4. Challenges and future directions of environment-miRNA research

Our understanding of miRNA biology has advanced greatly in recent years. We are now at the forefront of the exciting, yet challenging, task of translating our understanding of the effects of environmental factors on miRNAs in relation to disease outcomes and to their use as biomarkers in disease prevention and treatment. However, there are a variety of questions that remain to be solved in environmental miRNA research.

4.1. Limitations of analytical technologies for miRNA expression analysis

A major challenge is represented by technological limitations of miRNA detection and discovery to achieve genome-wide, high throughput, sensitive, and accurate analysis. There is still the need for a considerable amount of work to validate miRNA profiling by either microarray or deep-sequencing profiling. The need, particularly in human environmental health studies, to analyze large numbers of samples is constrained by the relative high costs of currently available technologies. The standardization of the methods and cross-platform reproducibility are critical issues that will need to be addressed in the near future. The continuous technological advances in accurate and cost-effective miRNA detection prospect a very promising role for miRNAs as novel biomarkers of environmental chemical exposure-related diseases.

4.2. Prediction and identification of mRNA targets

A major challenge in miRNA research is the complete identification of both mRNA targets and cellular functions of miRNAs. RISC-induced mRNA cleavage or inactivation requires only partial complementarity between miRNA-mRNA pairs [2]. Therefore, based on sequence pairings, each miRNA is expected to regulate hundreds of target mRNAs. The level of complementarity is different between target site–miRNA pairs, and finding target genes has proved to be a steeper challenge than expected. Identifying and validating more targets will inevitably help to improve the predictions and our understanding of the biological role of miRNAs. There are several approaches available for target hunters, including bioinformatic predictions and experimental techniques. Thomas et al. have recently reviewed the different approaches available to the identification of miRNA-regulated genes [94], including bioinformatic prediction, genetic approaches, mRNA microarray analysis and proteomics, miRNA overexpression or knockdown, and identification of miRISC-associated mRNAs. Computational methods have been widely used to predict miRNA targets, and to identify mRNA and proteins for further experimental validation. A list of online free-access tools for target prediction is reported in Table 1. To date, however, the different computational methods are not in agreement with each other and cannot predict all miRNA targets as defined using high-throughput experimental methods [95].

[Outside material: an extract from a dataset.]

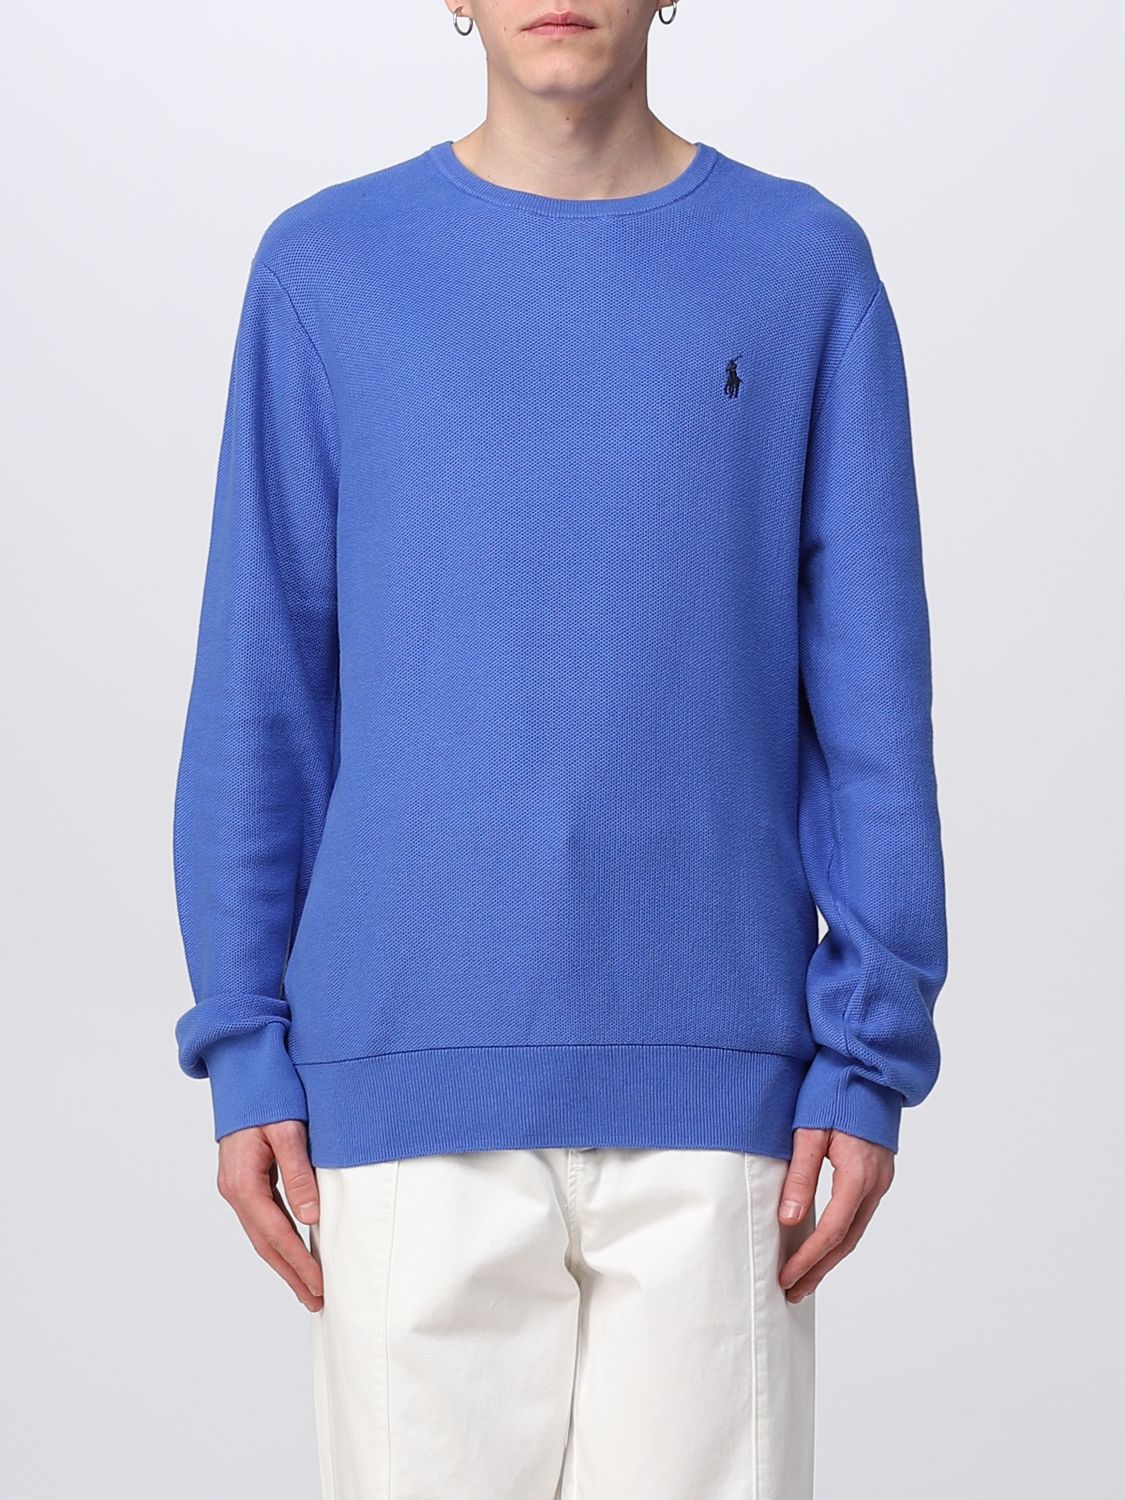 POLO RALPH LAUREN: sweater for man - Blue | Polo Ralph Lauren sweater  710895559 online on

4.3. Identify chemical-specific miRNA(s)

The interactions of miRNAs with multiple putative mRNA targets and cellular functions puts ahead of us the opportunity to identify complex interconnected signatures of environmental exposures at different molecular substrates, including but not limited to miRNAs, mRNAs, and proteins. Identifying chemical-specific miRNA(s) will not only help our understanding of environmental disease, but may open the way to novel biomonitoring and preventive strategies. Therefore, it is critically important to be able to identify and validate miRNAs that can be induced by specific environmental chemicals and regulate gene expression.

4.4. MiRNA-environment associations: Causal mechanisms or epiphenomena?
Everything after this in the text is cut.